When you output the entries, begin with the first line and end with the line containing "Complete bedroom set", keeping each line exactly as it is.

*** Opening SOURCE MATERIAL ***

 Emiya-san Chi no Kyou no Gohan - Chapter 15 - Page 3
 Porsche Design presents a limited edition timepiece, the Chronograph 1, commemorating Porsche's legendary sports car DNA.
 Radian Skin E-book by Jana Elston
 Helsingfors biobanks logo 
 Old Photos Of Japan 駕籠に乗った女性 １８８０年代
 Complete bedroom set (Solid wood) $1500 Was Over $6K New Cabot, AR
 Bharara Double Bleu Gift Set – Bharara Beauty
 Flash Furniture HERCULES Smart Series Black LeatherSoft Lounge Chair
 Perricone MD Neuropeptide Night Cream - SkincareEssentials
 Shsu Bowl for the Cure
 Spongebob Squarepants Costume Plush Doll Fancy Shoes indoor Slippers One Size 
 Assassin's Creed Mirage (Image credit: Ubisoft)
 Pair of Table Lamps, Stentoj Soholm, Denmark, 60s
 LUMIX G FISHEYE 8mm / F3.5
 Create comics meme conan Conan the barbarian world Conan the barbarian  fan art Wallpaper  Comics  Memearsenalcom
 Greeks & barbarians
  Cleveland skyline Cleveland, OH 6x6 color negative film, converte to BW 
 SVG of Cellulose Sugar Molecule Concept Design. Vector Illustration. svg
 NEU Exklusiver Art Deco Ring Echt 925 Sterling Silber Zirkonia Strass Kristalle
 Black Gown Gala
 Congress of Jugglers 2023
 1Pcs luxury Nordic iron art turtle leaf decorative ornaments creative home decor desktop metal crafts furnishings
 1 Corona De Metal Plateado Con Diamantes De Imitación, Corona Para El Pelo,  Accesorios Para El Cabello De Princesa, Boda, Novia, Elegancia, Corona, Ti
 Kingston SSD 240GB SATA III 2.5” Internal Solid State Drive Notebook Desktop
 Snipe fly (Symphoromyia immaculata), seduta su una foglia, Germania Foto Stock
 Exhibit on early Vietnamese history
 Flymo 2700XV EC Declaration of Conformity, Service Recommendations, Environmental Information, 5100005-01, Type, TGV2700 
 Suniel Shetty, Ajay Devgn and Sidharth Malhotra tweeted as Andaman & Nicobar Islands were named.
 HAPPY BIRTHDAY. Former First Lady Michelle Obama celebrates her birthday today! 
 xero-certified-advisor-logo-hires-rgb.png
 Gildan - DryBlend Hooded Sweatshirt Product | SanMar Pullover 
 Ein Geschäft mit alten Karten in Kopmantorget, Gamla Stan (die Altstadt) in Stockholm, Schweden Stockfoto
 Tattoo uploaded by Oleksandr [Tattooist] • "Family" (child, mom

*** Closing SOURCE MATERIAL ***

EXERCISE RESULT.
 Emiya-san Chi no Kyou no Gohan - Chapter 15 - Page 3
 Porsche Design presents a limited edition timepiece, the Chronograph 1, commemorating Porsche's legendary sports car DNA.
 Radian Skin E-book by Jana Elston
 Helsingfors biobanks logo 
 Old Photos Of Japan 駕籠に乗った女性 １８８０年代
 Complete bedroom set (Solid wood) $1500 Was Over $6K New Cabot, AR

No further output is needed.